In Salem v. Royal Air Maroc, No. 15-CV-5909 (KBF), 2016 WL 1717219, (S.D.N.Y. Apr. 28, 2016), the Southern District of New York dismissed plaintiff’s claims of discrimination occurring in Egypt, arising from conduct by agents of a foreign entity (Royal Air Maroc).
Judge Forrest held that “neither federal nor state and local discrimination laws protect [plaintiff] against allegedly discriminatory conduct of a foreign corporation occurring outside of the United States.”
It explained:
[T]he federal antidiscrimination statute, 42 U.S.C. § 1981, does not apply to discriminatory conduct that occurs outside U.S. Territory. The statute states, “All persons within the jurisdiction of the United States shall have the same right in every State and Territory to make and enforce contracts … as is enjoyed by white citizens.” As the Second Circuit has held, nothing in the language or the structure or history of Section 1981 suggests that Congress intended the statute to reach discrimination against individuals outside the territorial jurisdiction of the United States. In the absence of contrary expressed intention of Congress, there is a presumption against extraterritorial application of statutes.
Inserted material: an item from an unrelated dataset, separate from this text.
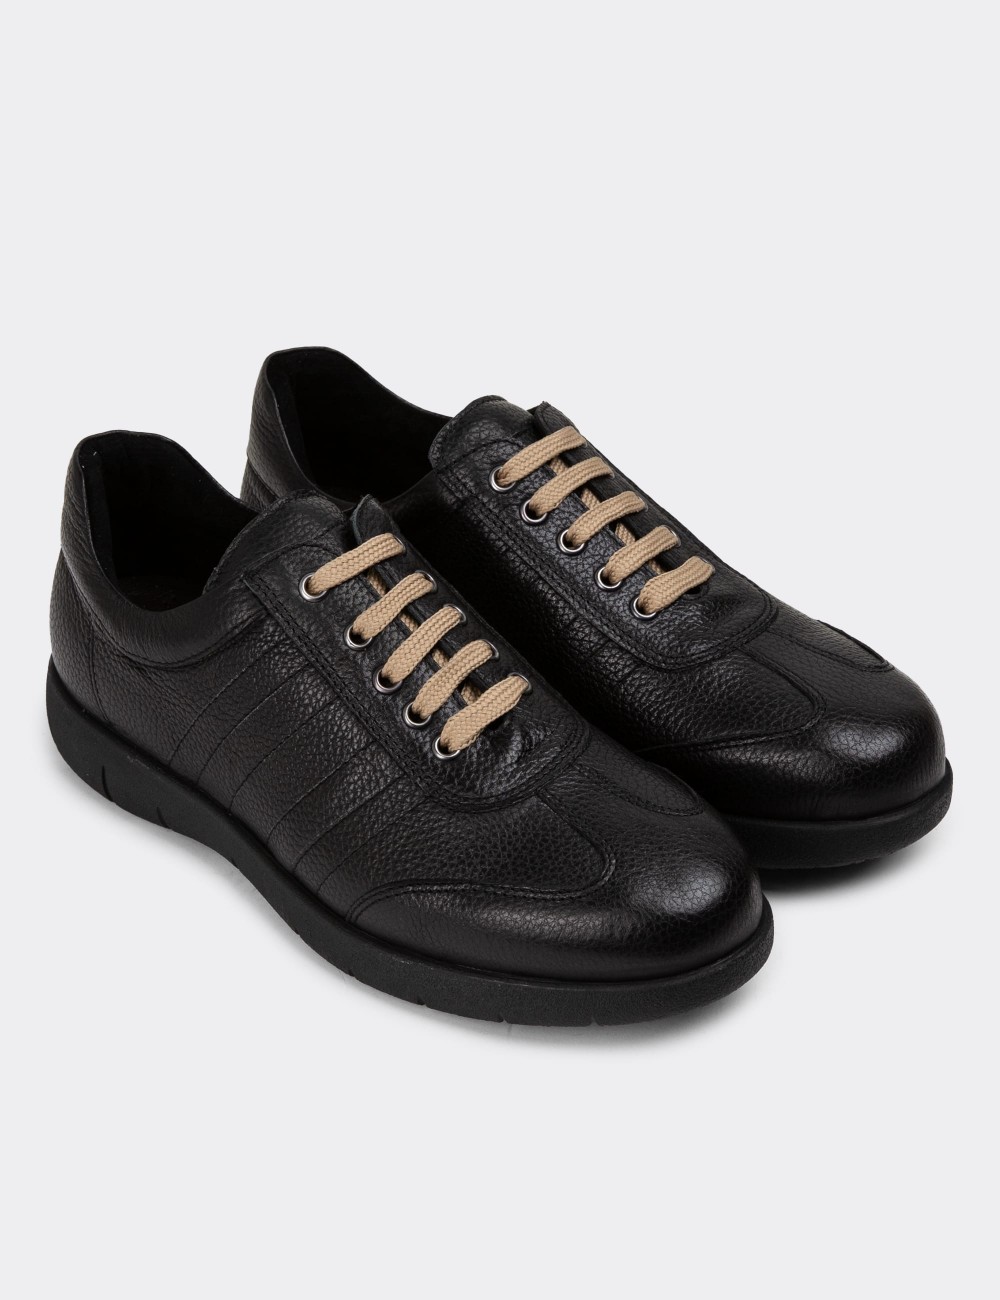 Black Leather Lace-up Shoes - 01950MSYHC01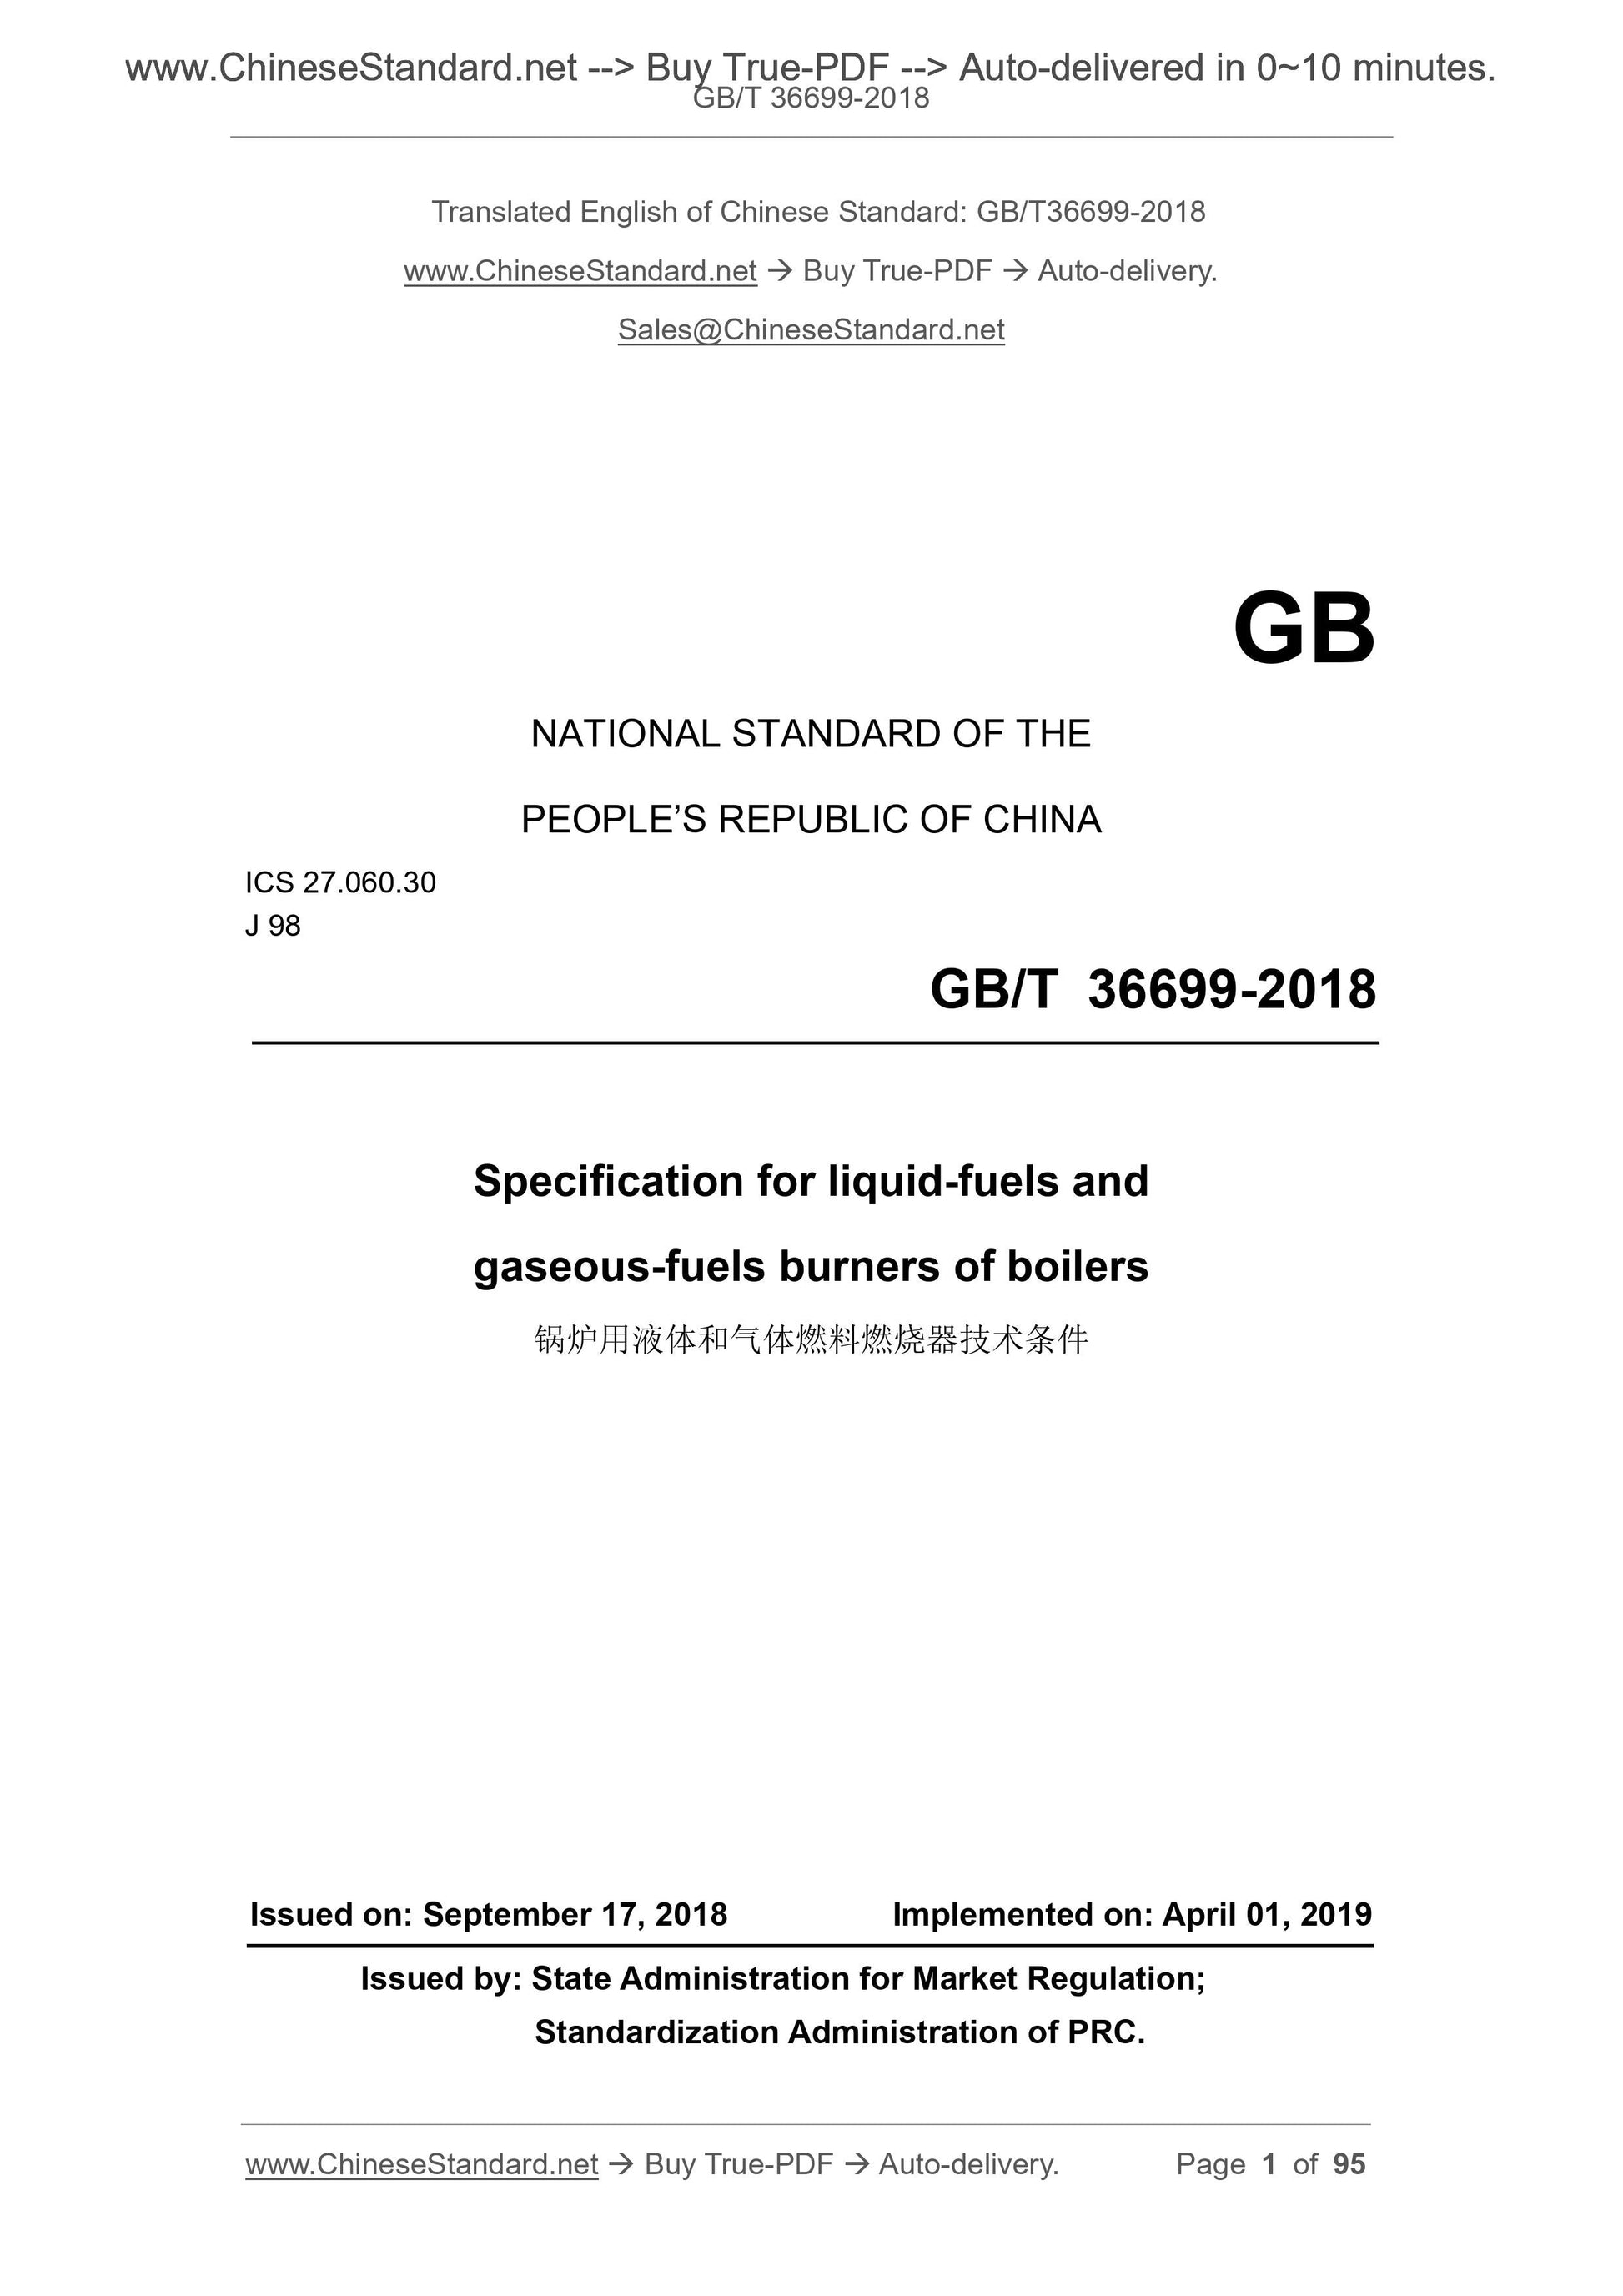 GB/T 36699-2018 Page 1

While in other contexts … Congress has decided to extend the application of civil rights statutes to cover conduct occurring outside the jurisdiction of the United States … through explicit legislative amendments, Congress has not legislated such an amendment for Section 1981. Similarly, New York state and local antidiscrimination statutes also do not apply to extraterritorial acts by foreign defendants.
The court also dismissed plaintiff’s claim against RAM “for sexual harassment towards [his] wife,” citing the fact that he made no allegations that he was personally sexually harassed. “[A] litigant must assert his or her own legal rights and interests, and cannot rest a claim to relief on the legal rights or interests of third parties.”